See, yesterday we spent some time laughing and playing with Papa João. João is a wonderful grandfather who speaks of his family with immense pride and misses them fiercely while he sits here waiting to finish his 6 months of chemo treatment. From everything I can tell he is as healthy as I could hope for having the cancer he does and we hope together that in 2 more months, when he finishes his 6th and final treatment, he can go home to that family he loves.

But for now, I take my daughters and they laugh and play with Papa João. They are still getting to know him so they want me around when we’re there and yet they are getting more and more comfortable.

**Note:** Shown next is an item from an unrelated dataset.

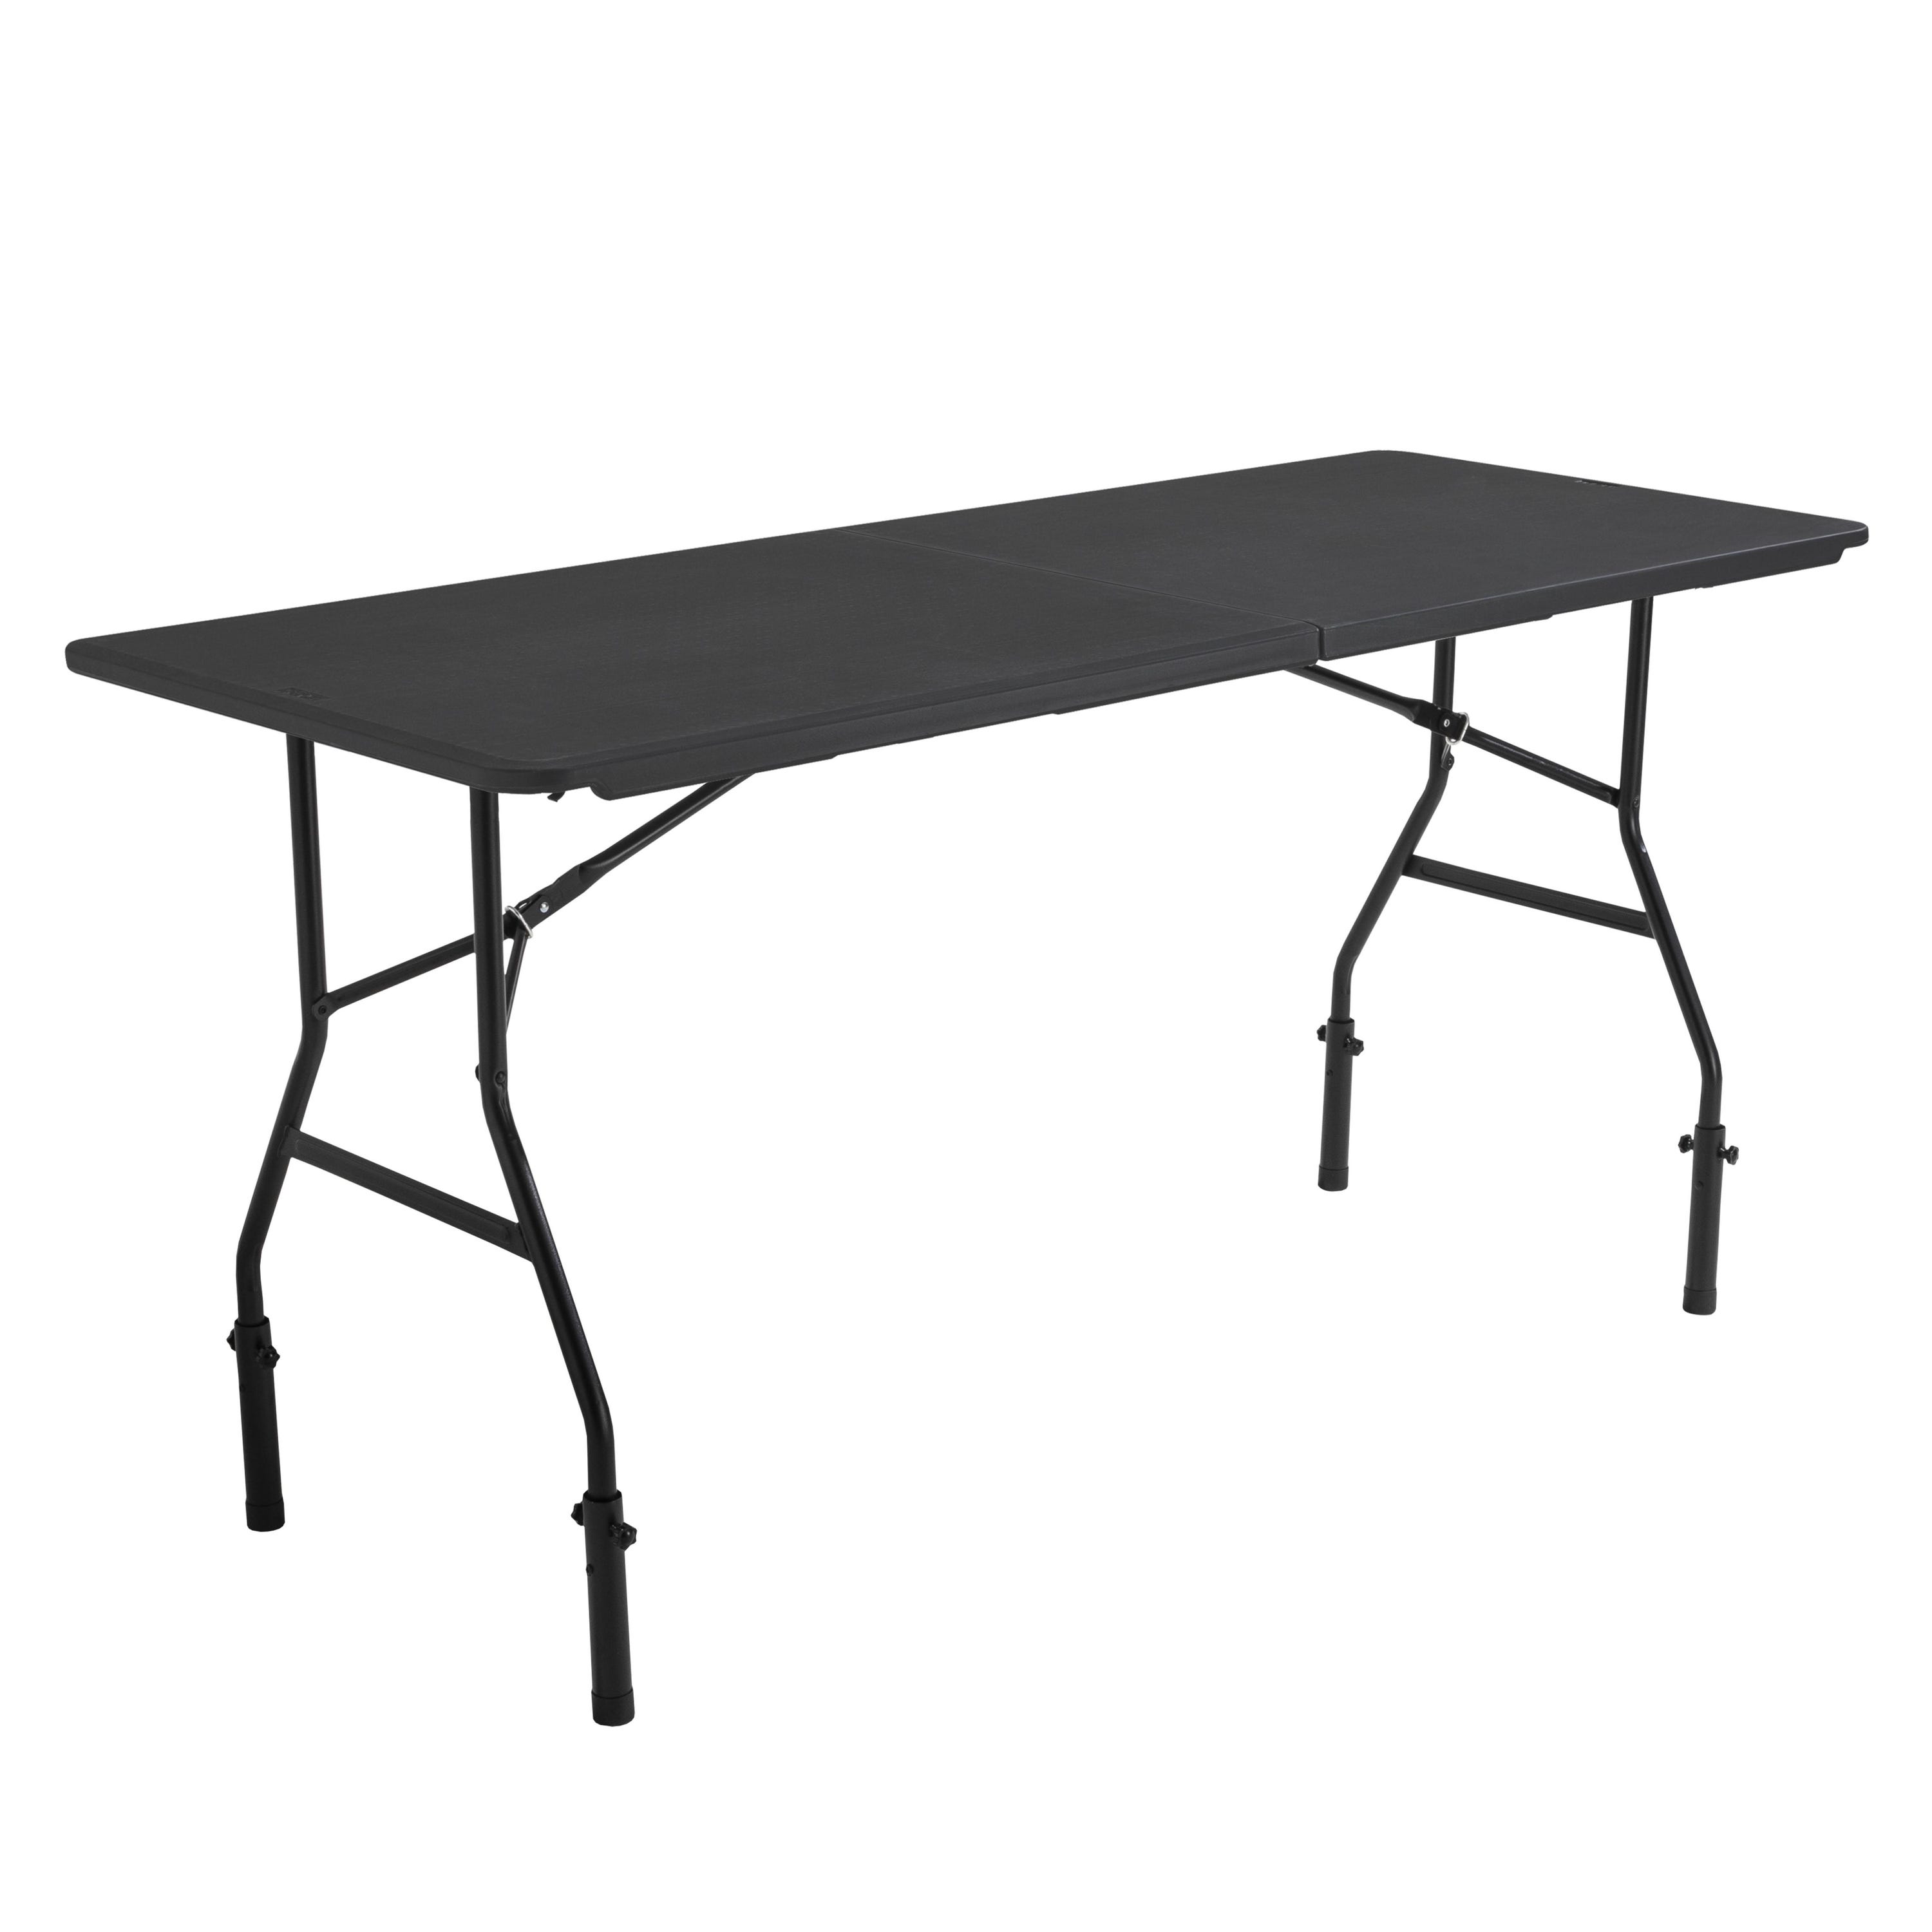 Lot de 10 tables pliantes noires 180 cm en PEHD et acier

So where are the splinters?

Papa João will, one day, stop being there at the hospital. I hope and pray that it’s because he will be home with his family in Mozambique, but there is a chance it will be because he is home with his family in heaven. And, as hard as it is for me to understand death and it’s gruesome victory, I know my young daughters do not yet know why Dad gets scared when, after repeated treatments, the lump hasn’t gone down like it should. My young daughters don’t always see the rusty nail coming when a friend at the hospital is spending more and more time in bed rather than outside laughing.

Yesterday, when we were leaving, I was holding Anaya and we were walking to the car saying goodbye. Standing there with Papa João I said, “Tá tá Papa”, which in her perfect-two-year-old voice Anaya repeated, “Tá tá Papa”. João smiled and replied, “Tá tá Anaya”. Anaya took this as a good reason (with coaxing from me) to try to say “Tá tá Papa João”. Her perfect-two-year-old voice mangled it beautifully and it come out “Tá tá Papa Jollaw”. João loved it, smiled at me and told me how big she was getting and we walked away.

So what scares me about all this? I don’t think my girls understand that there will come a time when they won’t have the chance to say “Tá tá Papa” anymore.

So watch out for those splinters, rusting nails, and nasty falls my precious girls. And keep dancing. I’ll keep making tables for you, you keep dancing, and we’ll trust together that our Savior will kiss the splinters and cuts when they come and make them all better.